Since 1992, Hayes has been president of the Bullitt Foundation in Seattle, Washington and continues to be a leader in environmental and energy policy. By mobilizing the resources of The Bullitt Foundation, Hayes intends to make the Pacific Northwest educated, environmentally aware and a progressive corner of America—a global model for sustainable development. He is currently overseeing construction of The Bullitt Center, expected to be the most energy-efficient commercial building in the world, firmly planting Seattle at the forefront of the green building movement. The goal of the Bullitt Center is to change the way buildings are designed, built and operated to improve long-term environmental performance and promote broader implementation of energy efficiency, renewable energy and other green building technologies in the Northwest. The building is seeking to meet the ambitious goals of the Living Building Challenge, the world’s most strenuous benchmark for sustainability. For example, a solar array will generate as much electricity as the building uses and rain will supply as much water, with all wastewater treated onsite. Also in Seattle are Hayes' wife, Gail Boyer Hayes (daughter of Paul D. Boyer), and daughter, Lisa A. Hayes, a lawyer defending the Northshore United Church of Christ regarding Tent City 4 (King County, Washington).

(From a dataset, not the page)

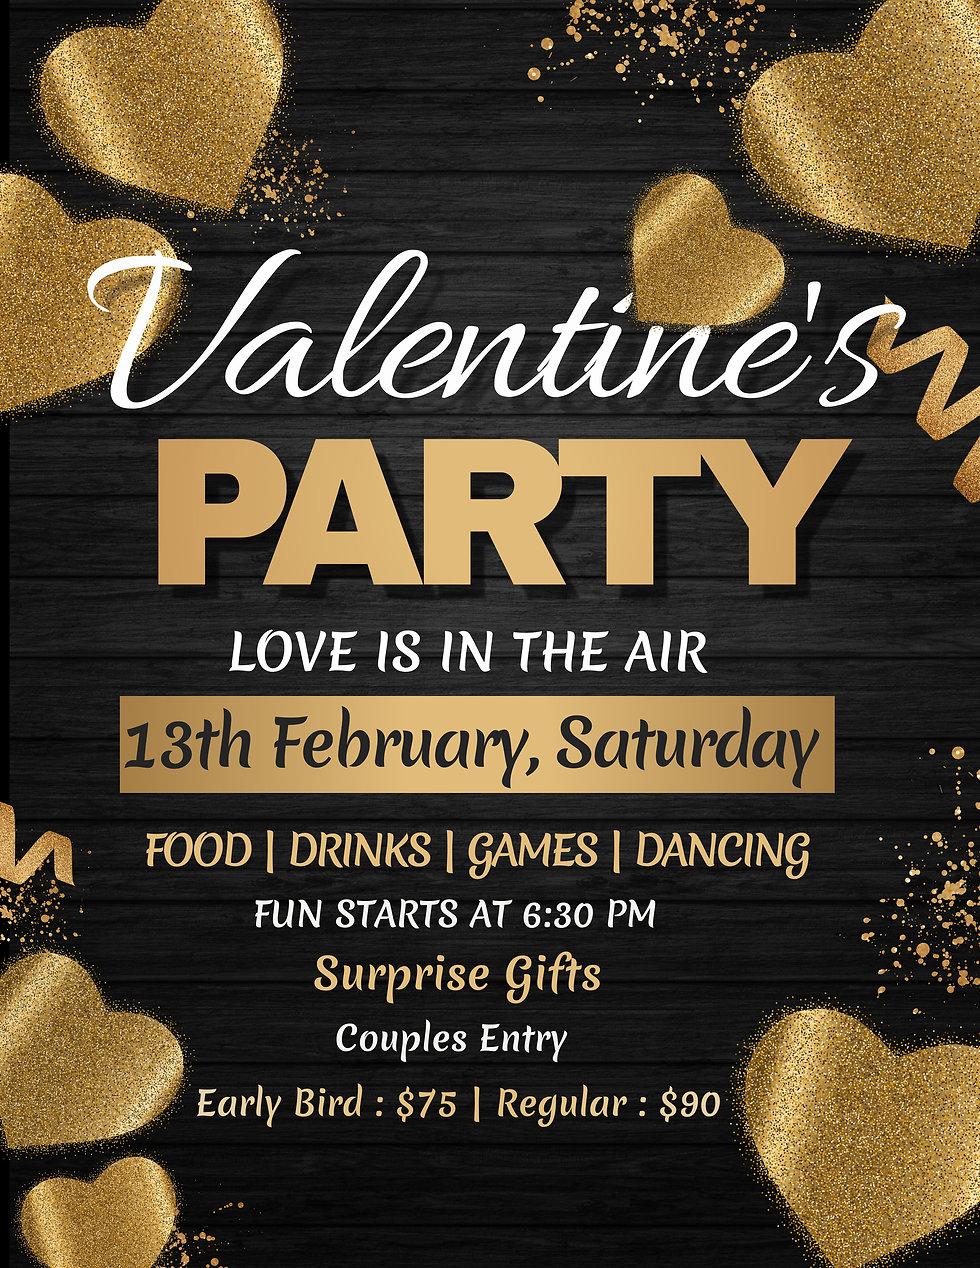 FCM_ValentineDay_Website.jpg
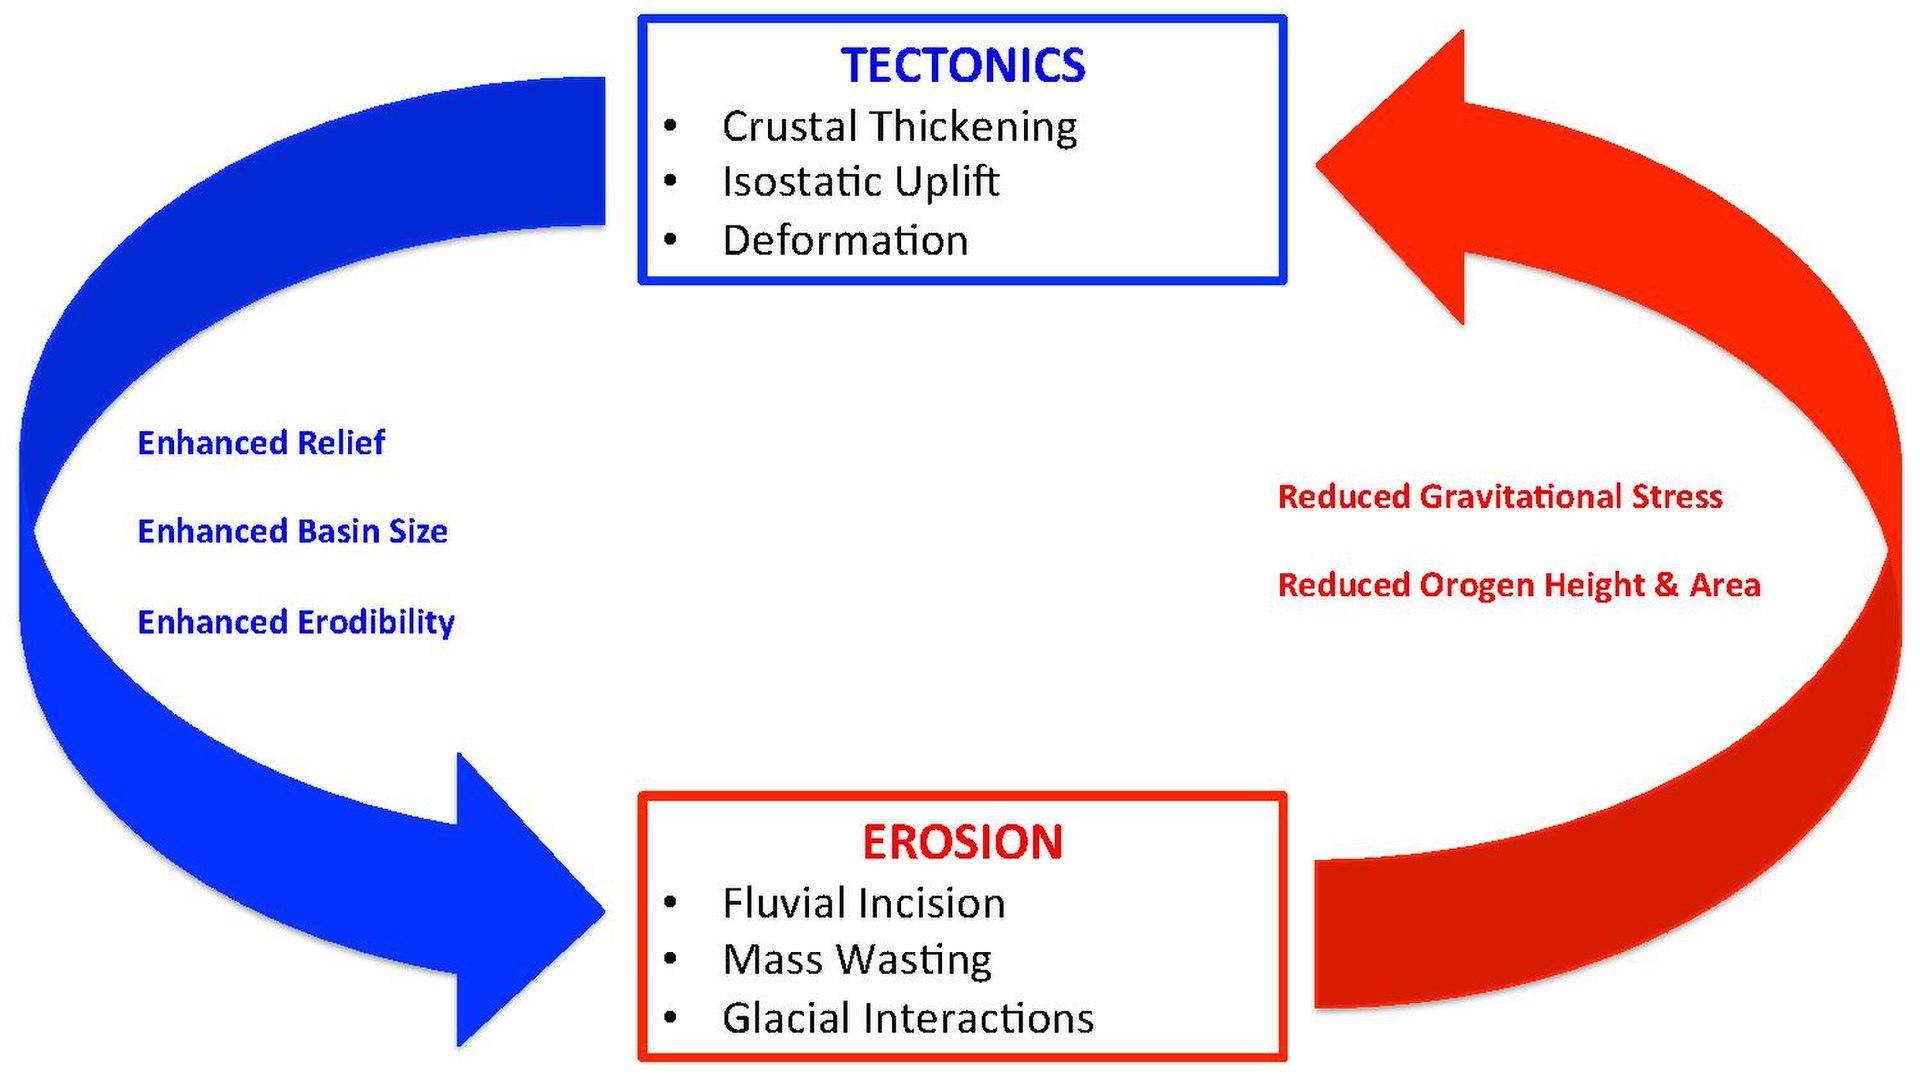 Erosion And Tectonics

Over Hayes' career, he has been a visiting scholar at the Woodrow Wilson Center in Washington, DC and at the Bellagio Center in Italy, a senior fellow at the Worldwatch Institute, an adjunct professor of engineering at Stanford University, a Richard von Weizsäcker Fellow of the Bosch Foundation, a Silicon Valley lawyer at the Cooley Firm, and author. He has served on dozens of governing boards, including those of Stanford University, the World Resources Institute, the Federation of American Scientists, The Energy Foundation, Children Now, the National Programming Council for Public Television, the American Solar Energy Society, Greenpeace, CERES, and the Environmental Grantmakers Association.

==Awards==
Hayes has received the national Jefferson Awards Medal for Outstanding Public Service, as well as the highest awards bestowed by the Sierra Club, The Humane Society of the United States, the National Wildlife Federation, the Natural Resources Council of America, the Global Environmental Facility of the World Bank, the Interfaith Center on Corporate Responsibility, and the American Solar Energy Society. He was featured in the 2009 documentary film Earth Days. Time has named him "Hero of the Planet."

Hayes was selected by Engineering News-Record as one of the Top 25 Newsmakers of 2014 for using biomimicry in the development of the Bullitt Center. In 2020, Hayes received a Trailblazer Award from Verdical Group at their annual Net Zero Conference.